BEGIN Source material

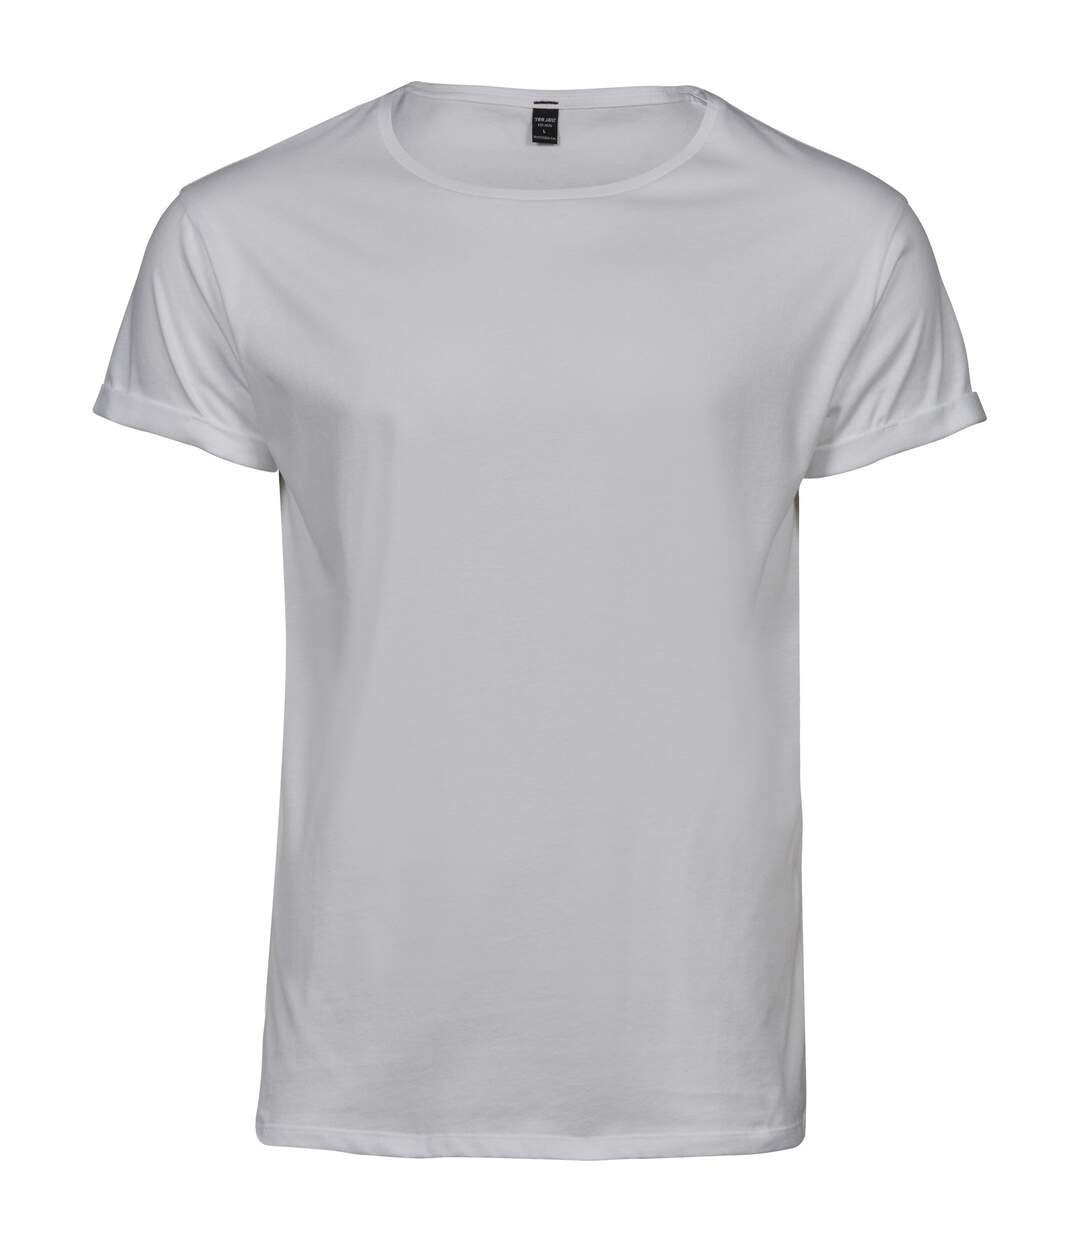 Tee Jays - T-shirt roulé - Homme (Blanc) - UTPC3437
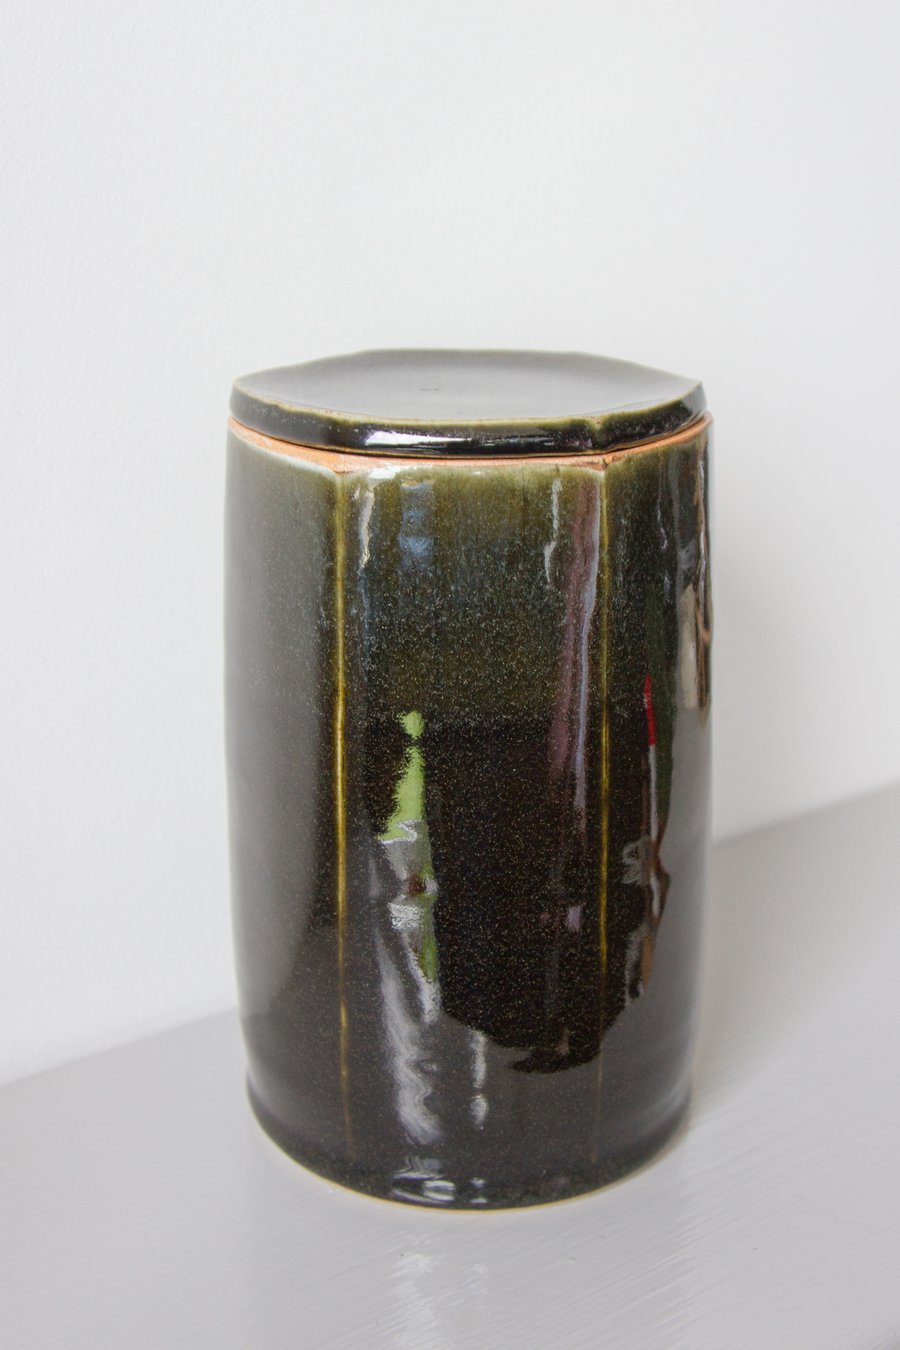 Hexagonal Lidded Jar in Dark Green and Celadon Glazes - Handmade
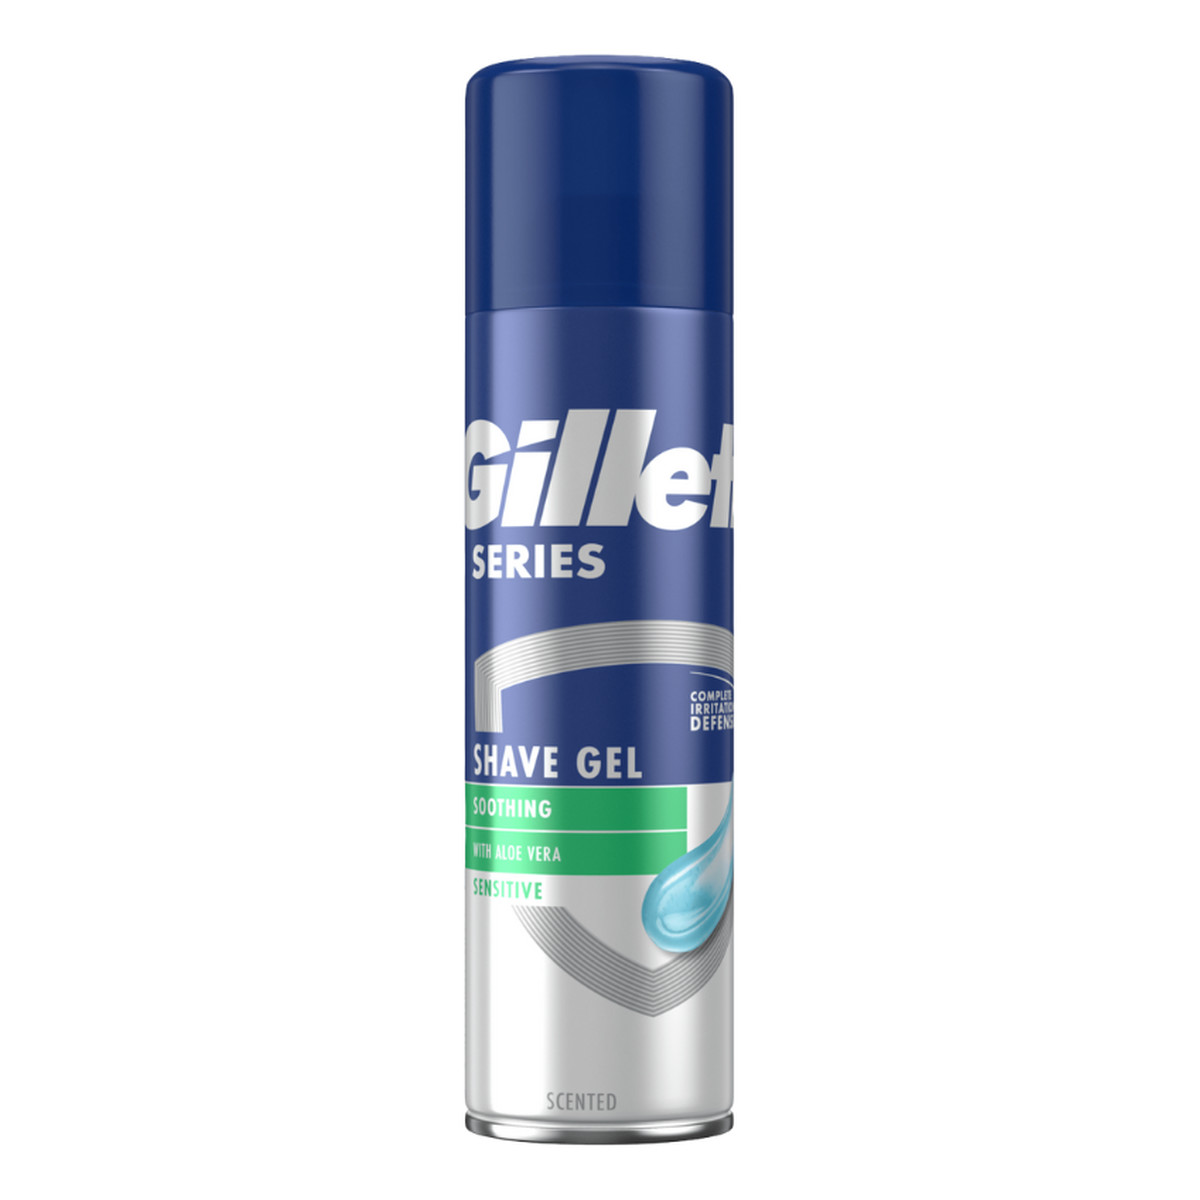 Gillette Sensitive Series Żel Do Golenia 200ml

END Source material

_Task goal_:
Output the listing above exactly as it stands; no picture should appear.

_Reply_:
 Tee Jays - T-shirt roulé - Homme (Blanc) - UTPC3437
 Hexagonal Lidded Jar in Dark Green and Celadon Glazes - Handmade
 Gillette Sensitive Series Żel Do Golenia 200ml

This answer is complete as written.